> **ACTIVITY**
Return the data below, unchanged.
── DATA ──
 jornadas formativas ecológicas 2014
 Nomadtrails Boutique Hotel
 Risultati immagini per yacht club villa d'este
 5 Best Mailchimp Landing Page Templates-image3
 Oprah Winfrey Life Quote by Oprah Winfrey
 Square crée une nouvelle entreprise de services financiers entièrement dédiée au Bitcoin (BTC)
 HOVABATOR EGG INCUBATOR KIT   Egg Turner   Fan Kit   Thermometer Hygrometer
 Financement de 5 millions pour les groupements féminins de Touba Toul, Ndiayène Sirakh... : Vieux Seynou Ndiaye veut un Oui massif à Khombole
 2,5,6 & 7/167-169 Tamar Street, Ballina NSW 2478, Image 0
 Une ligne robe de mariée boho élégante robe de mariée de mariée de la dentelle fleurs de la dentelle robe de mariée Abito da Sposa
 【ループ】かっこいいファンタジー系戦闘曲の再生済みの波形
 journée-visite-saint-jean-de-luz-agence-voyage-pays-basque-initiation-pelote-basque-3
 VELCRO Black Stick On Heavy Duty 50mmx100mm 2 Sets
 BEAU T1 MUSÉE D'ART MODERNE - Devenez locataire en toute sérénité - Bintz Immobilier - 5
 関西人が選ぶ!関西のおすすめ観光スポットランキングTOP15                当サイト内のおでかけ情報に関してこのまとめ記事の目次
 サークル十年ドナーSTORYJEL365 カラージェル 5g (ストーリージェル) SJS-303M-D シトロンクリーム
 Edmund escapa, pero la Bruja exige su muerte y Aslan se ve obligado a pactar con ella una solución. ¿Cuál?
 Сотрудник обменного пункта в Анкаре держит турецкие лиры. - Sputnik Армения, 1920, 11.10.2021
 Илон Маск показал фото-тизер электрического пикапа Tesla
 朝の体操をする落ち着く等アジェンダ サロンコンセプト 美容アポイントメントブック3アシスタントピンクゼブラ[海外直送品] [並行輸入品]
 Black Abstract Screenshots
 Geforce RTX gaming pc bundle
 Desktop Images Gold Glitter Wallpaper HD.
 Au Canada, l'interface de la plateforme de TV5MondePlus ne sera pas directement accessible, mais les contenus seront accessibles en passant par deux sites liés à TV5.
───
> **WORKED SOLUTION**
 jornadas formativas ecológicas 2014
 Nomadtrails Boutique Hotel
 Risultati immagini per yacht club villa d'este
 5 Best Mailchimp Landing Page Templates-image3
 Oprah Winfrey Life Quote by Oprah Winfrey
 Square crée une nouvelle entreprise de services financiers entièrement dédiée au Bitcoin (BTC)
 HOVABATOR EGG INCUBATOR KIT   Egg Turner   Fan Kit   Thermometer Hygrometer
 Financement de 5 millions pour les groupements féminins de Touba Toul, Ndiayène Sirakh... : Vieux Seynou Ndiaye veut un Oui massif à Khombole
 2,5,6 & 7/167-169 Tamar Street, Ballina NSW 2478, Image 0
 Une ligne robe de mariée boho élégante robe de mariée de mariée de la dentelle fleurs de la dentelle robe de mariée Abito da Sposa
 【ループ】かっこいいファンタジー系戦闘曲の再生済みの波形
 journée-visite-saint-jean-de-luz-agence-voyage-pays-basque-initiation-pelote-basque-3
 VELCRO Black Stick On Heavy Duty 50mmx100mm 2 Sets
 BEAU T1 MUSÉE D'ART MODERNE - Devenez locataire en toute sérénité - Bintz Immobilier - 5
 関西人が選ぶ!関西のおすすめ観光スポットランキングTOP15                当サイト内のおでかけ情報に関してこのまとめ記事の目次
 サークル十年ドナーSTORYJEL365 カラージェル 5g (ストーリージェル) SJS-303M-D シトロンクリーム
 Edmund escapa, pero la Bruja exige su muerte y Aslan se ve obligado a pactar con ella una solución. ¿Cuál?
 Сотрудник обменного пункта в Анкаре держит турецкие лиры. - Sputnik Армения, 1920, 11.10.2021
 Илон Маск показал фото-тизер электрического пикапа Tesla
 朝の体操をする落ち着く等アジェンダ サロンコンセプト 美容アポイントメントブック3アシスタントピンクゼブラ[海外直送品] [並行輸入品]
 Black Abstract Screenshots
 Geforce RTX gaming pc bundle
 Desktop Images Gold Glitter Wallpaper HD.
 Au Canada, l'interface de la plateforme de TV5MondePlus ne sera pas directement accessible, mais les contenus seront accessibles en passant par deux sites liés à TV5.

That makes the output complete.